Andrew Cunningham (Hacker News):
Airlines, payment processors, 911 call centers, TV networks, and other businesses have been scrambling this morning after a buggy update to CrowdStrike's Falcon security software caused Windows-based systems to crash with a dreaded blue screen of death (BSOD) error message.
The list of services impacted by the outage includes Microsoft Defender, Intune, Teams, PowerBI, Fabric, OneNote, OneDrive for Business, SharePoint Online, Windows 365, Viva Engage, Microsoft Purview, and the Microsoft 365 admin center.

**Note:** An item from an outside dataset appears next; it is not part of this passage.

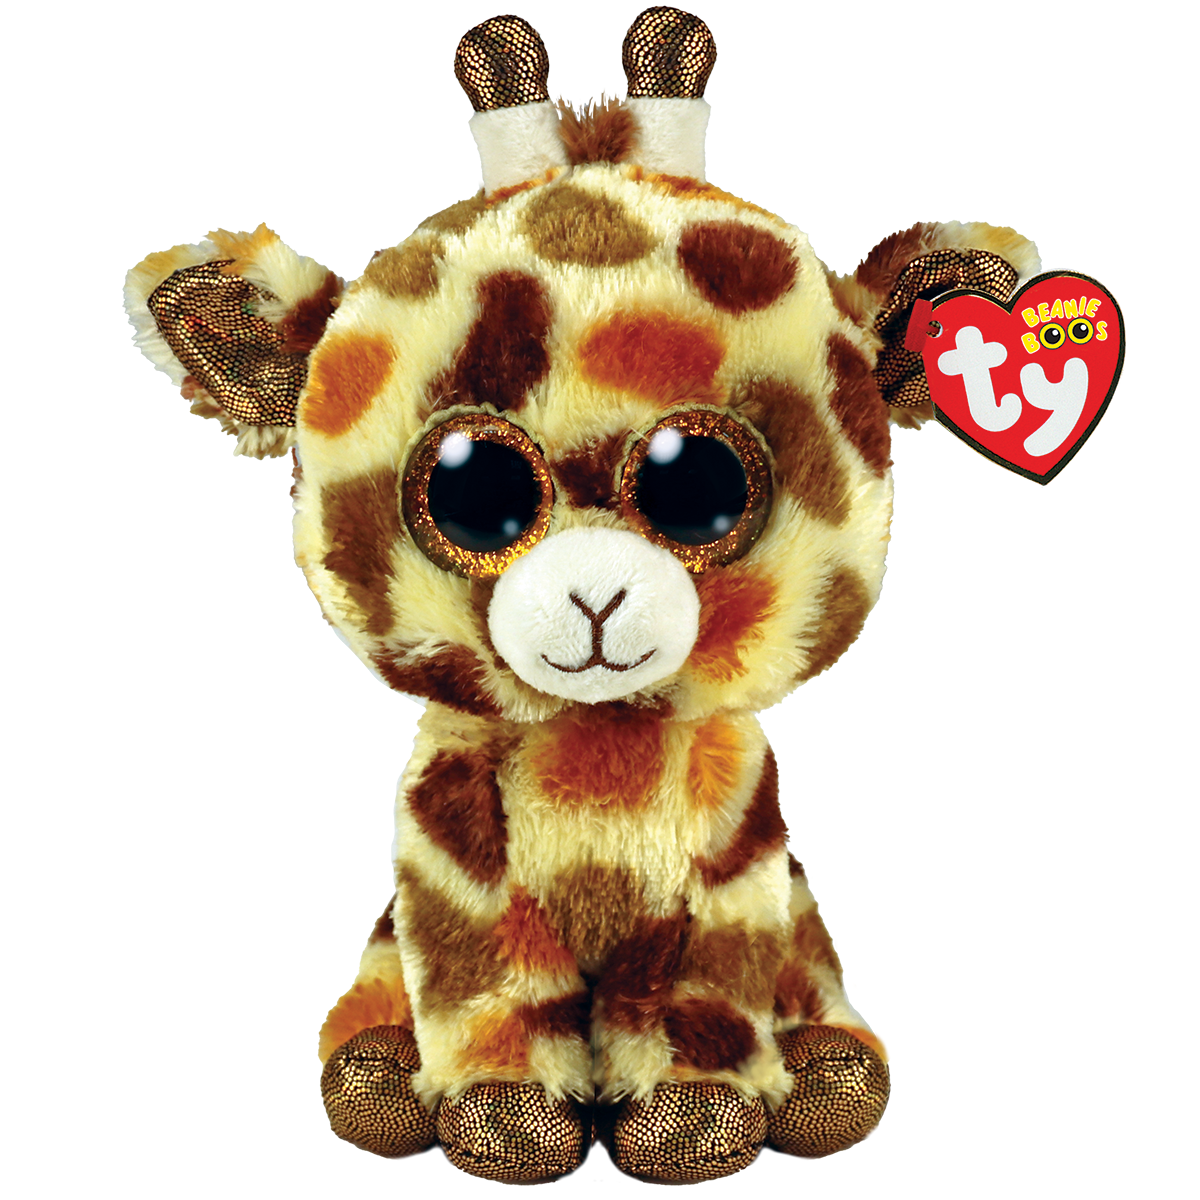 Ty - peluche - beanie boos - giraffa - stilts - giallo e marrone - peluche con zampe e occhioni glitter dorati - il morbido pupazzo con gli occhi grandi scintillanti - 15 cm - 36394 - TY

What’s happened today with Crowdstrike is completely unprecedented (and I’ll get to why shortly), and on the scale of the much-feared Y2K bug that threatened to ground the entirety of the world’s computer-based infrastructure once the Year 2000 began.
[…]
The problem here is systemic — that there is a company that the majority of people affected by this outage had no idea existed until today that Microsoft trusted to the extent that they were able to push an update that broke the back of a huge chunk of the world’s digital infrastructure.
Southwest Airlines, the fourth largest airline in the US, is seemingly unaffected by the problematic CrowdStrike update that caused millions of computers to BSoD (Blue Screen of Death) because it used Windows 3.1.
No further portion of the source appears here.